Session Two (October 6-10):

Snow had just dusted the Sierras and as we drove out to the project area from Mammoth. The sky was crisp blue and it smelled of fall with a hint of winter on its way. Two members of the Kuzedika Mono Lake Tribe, Raymond and Charlotte met us out at the project area. Day one was spent touring the site and reviewing what was found during the first session. Raymond and Charlotte provided a new perspective on the site and added first hand experience of how their families collect pinyon pine nuts and built houses in the past. They explained that long, hooked, wooden poles were used to pick the cones from the pinyon pine trees and then when the harvest was finished people would stick the poles up into a tree and leave them for the next harvest. Later in the week Penel made an exciting find when she found one of these exact poles sticking up in a tree near a rock ring house feature.

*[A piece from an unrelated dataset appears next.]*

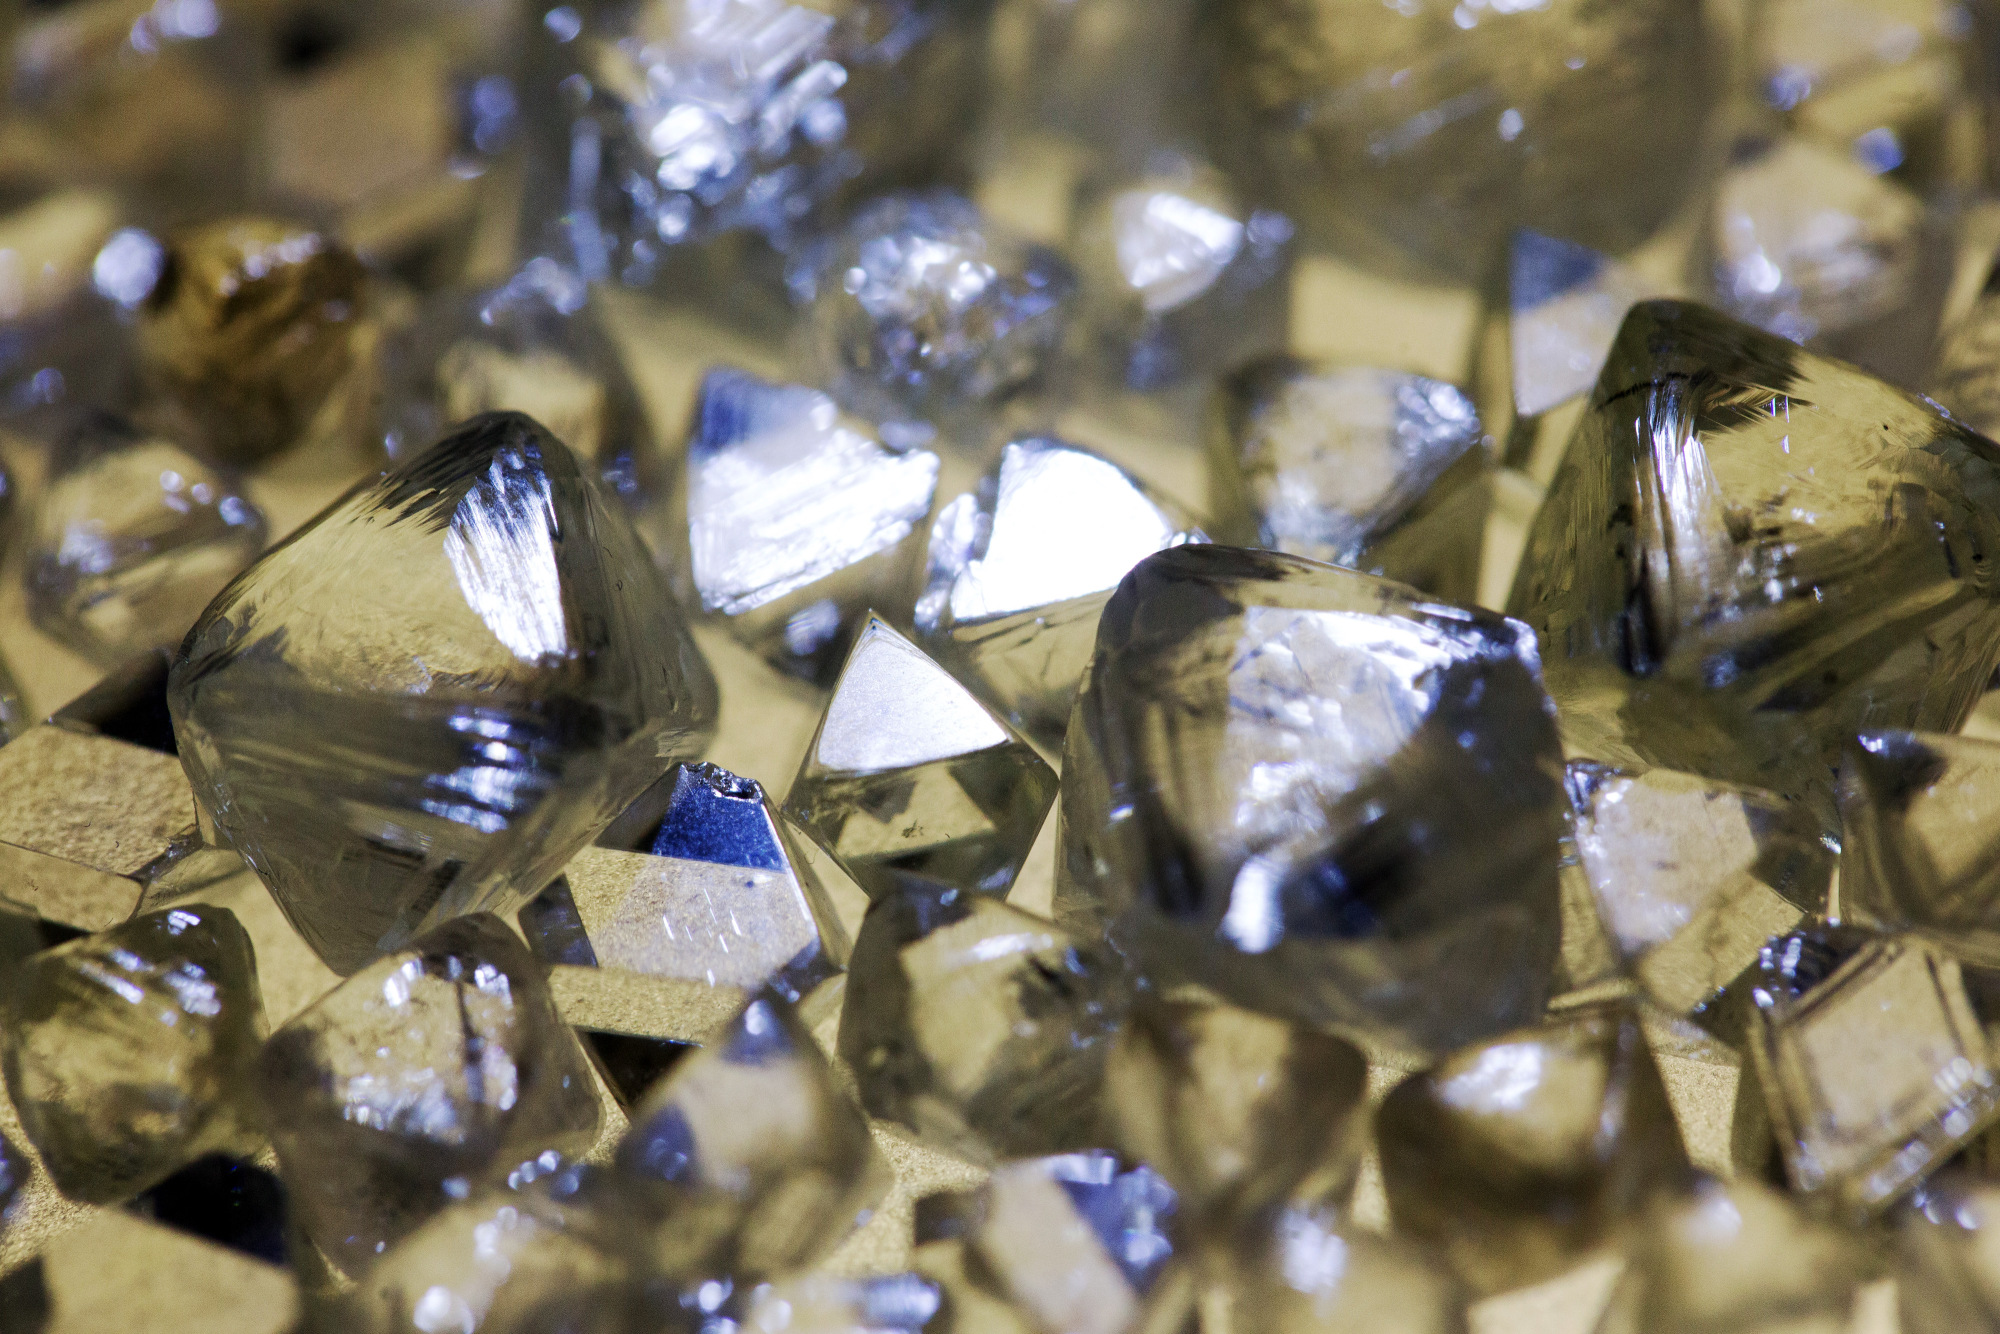 Diamond Miners Meet in Private to Discuss Fake Gems Issue - Bloomberg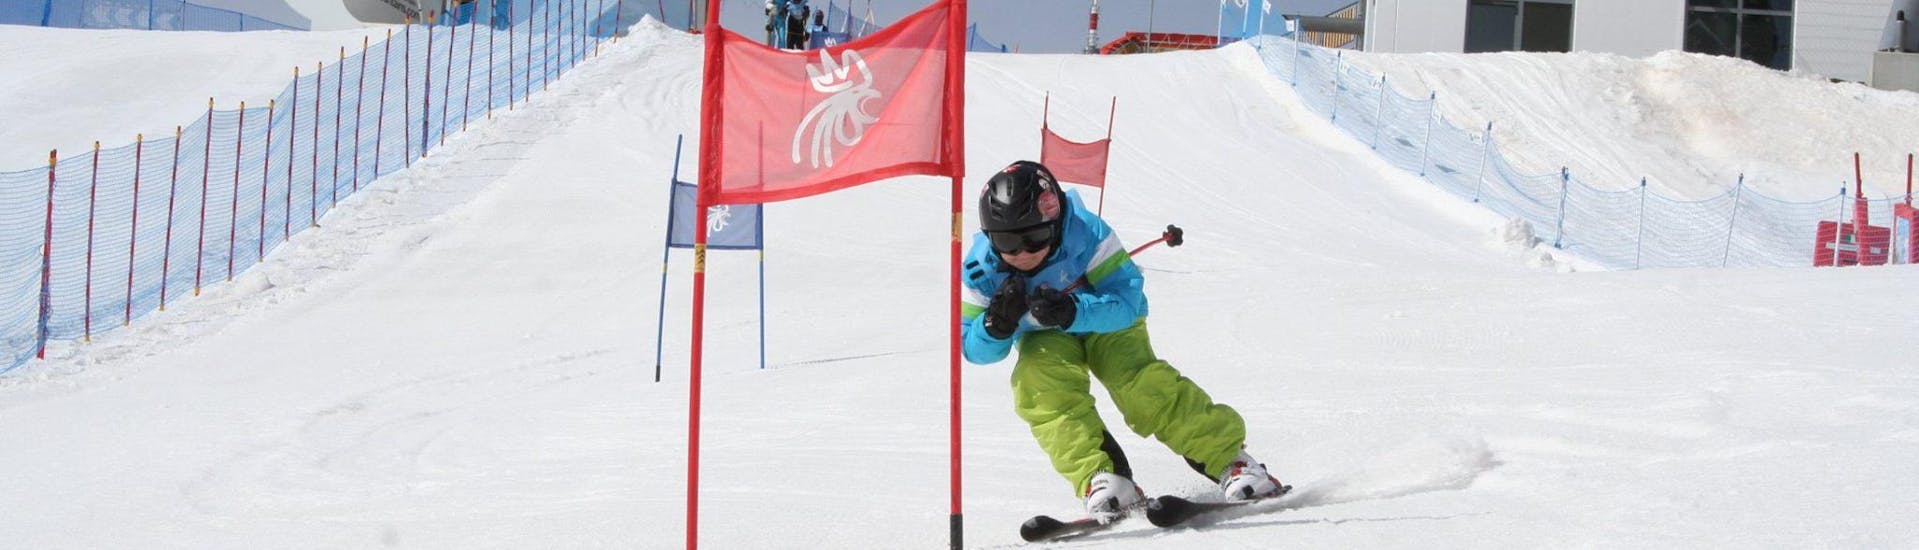 Kids Ski Lessons (9-13 y.) for Advanced - Full Day with Kronschool Valdaora - Hero image

The second group added to the first group's work and doubled the size of the site to 133 acres in size at close on Thursday afternoon. We recorded six rock ring house features, 13 rock ring cache features, 17 artifacts, five milling features and five artifact concentrations, the largest being 2 + acres in size. We toured the Casa Diablo obsidian source with Nicholas Faust, retired North Zone Archeologist for the Inyo as our guide. On a blustery Friday we continued the "Tour de Nicholas" to sites in Adobe Valley east of Mono Lake and saw an obsidian quarry site in the Glass Mountain Range and briefly stepped into Nevada to visit a beautiful site where obsidian from the Truman-Queen obsidian quarry was used. As we traveled back toward Mammoth, the first winter storm hit the Sierra and by the time we arrived at Hwy 395 the road was covered in snow. Luckily, our tireless minivan made the trek and we all made it back safely to a winter wonderland in the Sierra.

Summary Results:

Site 53-576 was expanded to 133 acres in size and still seems to be moving north and west a bit. In total the two sessions recorded nine artifact concentrations, 34 artifacts (including a bishop tuff pendant and pinyon pine "beating" pole), 25 milling features, 37 rock ring cache features and 15 rock ring house features. I was very pleased by the outcome of this project and hope to continue to do PIT projects in the summers to come.